Steel breastplate, or Stalnoi Nagrudnik () is a type of body armor similar to a cuirass developed by the Red Army in World War II. The native Cyrillic abbreviation for the vest was "СН", the Cyrillic letters Es and En. It consisted of two pressed steel plates that protected the front torso and groin.  The plates were 2 mm (.08") and weighed 3.5 kg (7.7 lbs).  This armor was supplied to SHISBr (assault engineers).

Models
Several models were created; the number indicates the year of development:

 SN-38
 SN-39
 SN-40, SN-40A
 SN-42, made of 2 mm steel 36SGN, the tolerances 1.8 - 2.2 mm, weight of Chest 3.3 - 3.5 kg. It protected an area measuring 0.2 square meters.
 SN-46

The steel breastplates along with the conventional steel SSh-40 helmets equipped the assault engineers and demining brigades of the Supreme Command Reserve Stavka, for which they are sometimes called "tubular infantry." Breastplate SN-42 was designed to protect against bayonet attacks, small fragments of shrapnel, and 9mm pistol bullets with lead cores, providing protection against fire from an MP-38/40 submachine gun from distances of 100–150m, and a single shot from a 7.92×57mm Mauser rifle (like the Gewehr 41), but on the condition that the bullet went on a tangent. Following the adoption of the Wehrmacht on the supply of 9mm cartridges, the cartridge code R.08 mE (German: mit Eisenkern), with a bullet with mild steel (iron) core, required the thickness to be increased to 2.6 mm for the chest plate (2.5 - 2.7 mm). This redesign received the name SN-46.

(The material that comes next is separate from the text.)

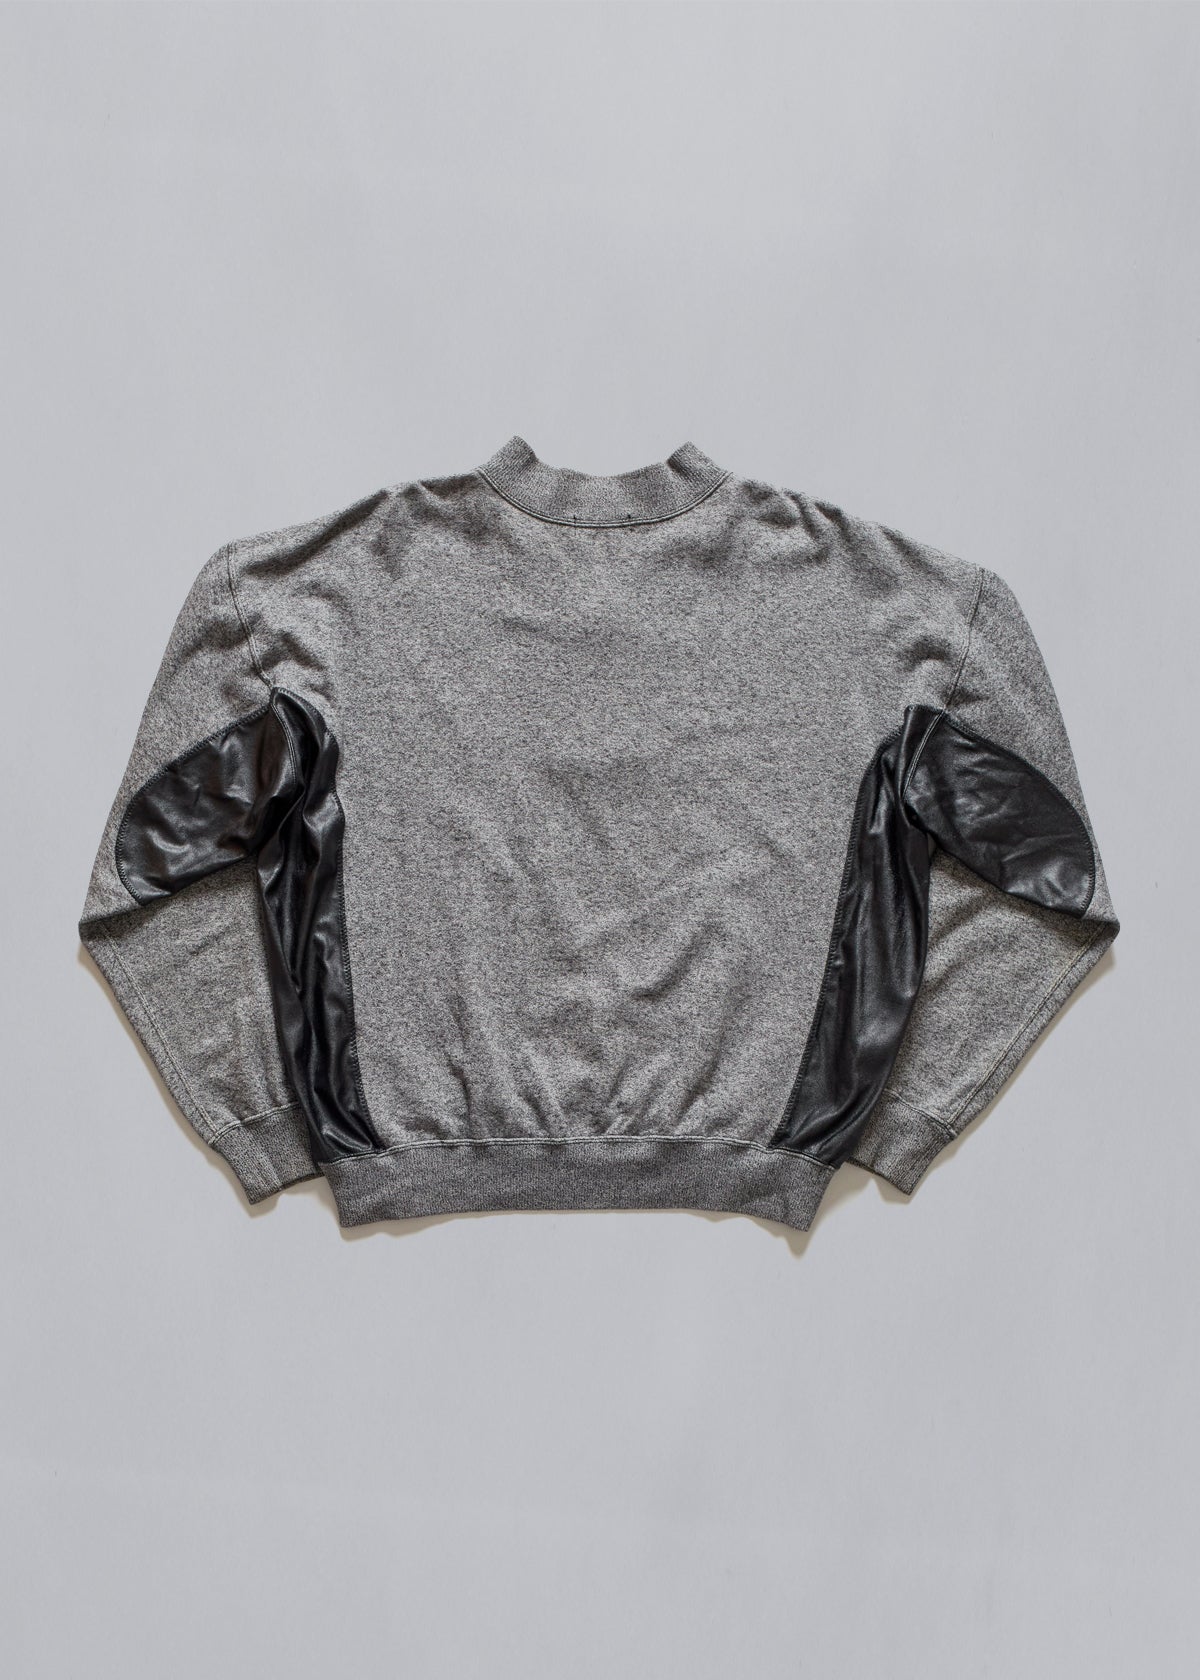 Quarter Zip Sweatshirt 2000's - Medium - The Archivist Store
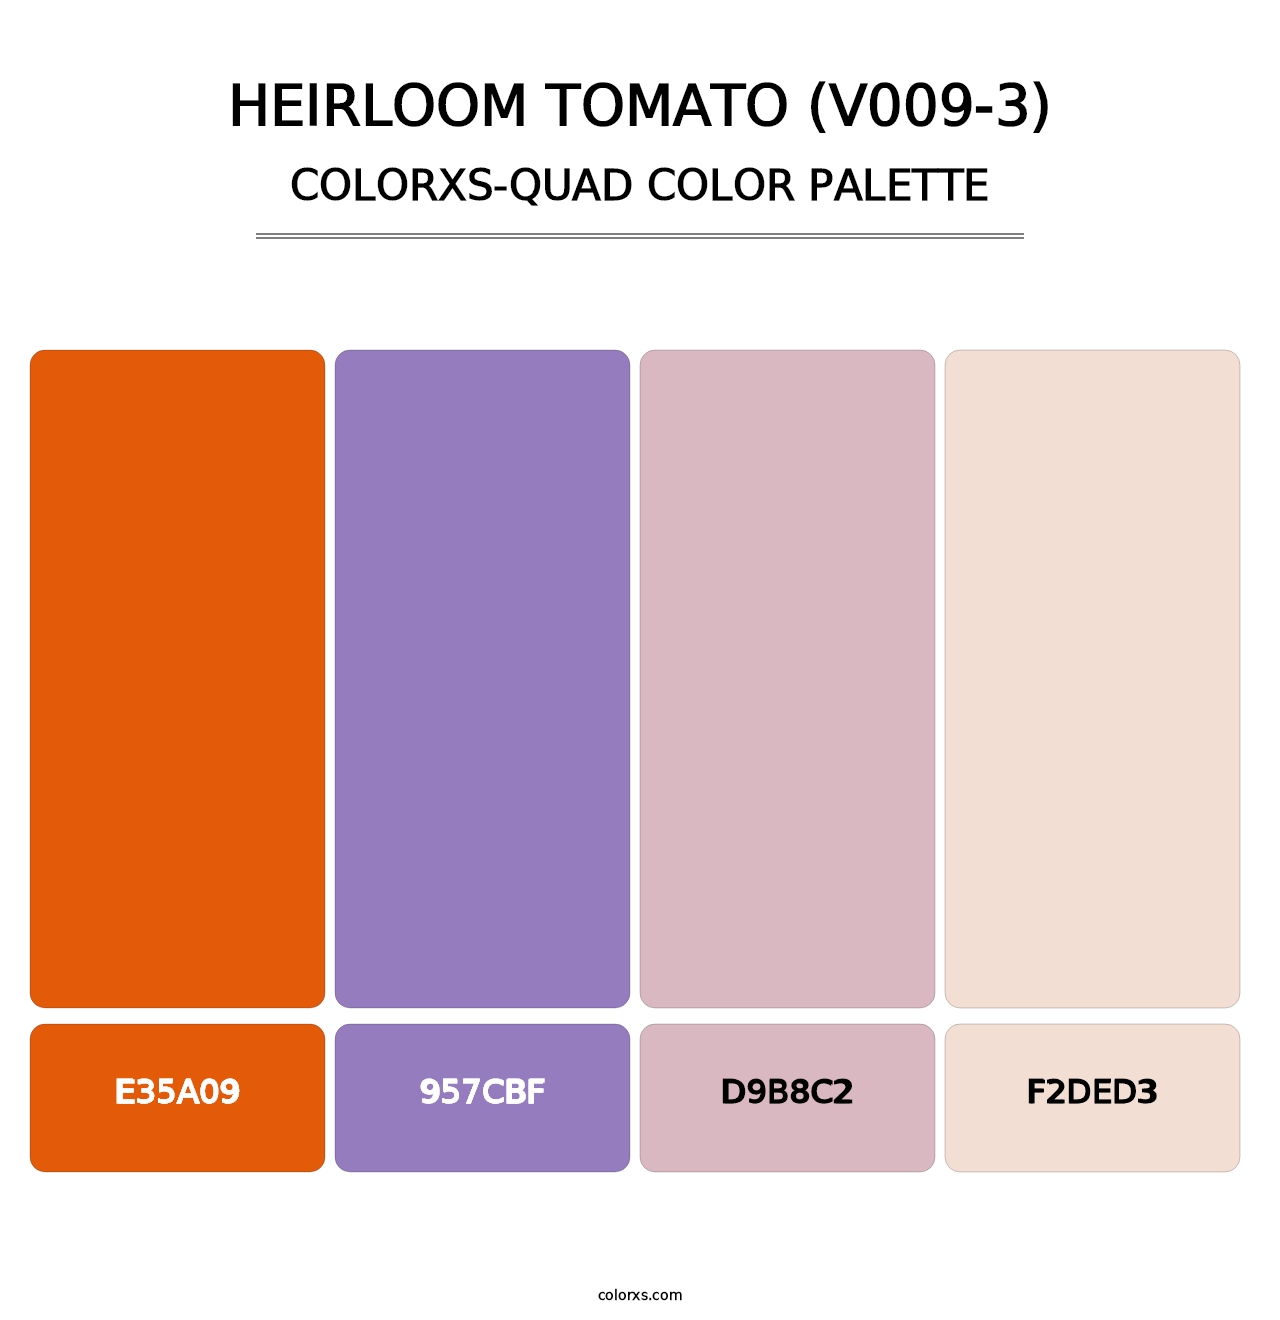 Heirloom Tomato (V009-3) - Colorxs Quad Palette

By modern standards, they are roughly equivalent to a Class II vest.

  USSR - steel breastplates SN-42 began to arrive in the army in 1942 and were later used during World War II.
  Poland - Soviet steel cuirass entered service of the 1st Polish Army (as of October 31, 1944 there were 1000 pieces).
  The Third Reich - by some accounts, captured Soviet steel breastplates came to supply the German army; also Germany, in limited quantities (only for parts of the SS, mostly assault squads), produced similar breastplates.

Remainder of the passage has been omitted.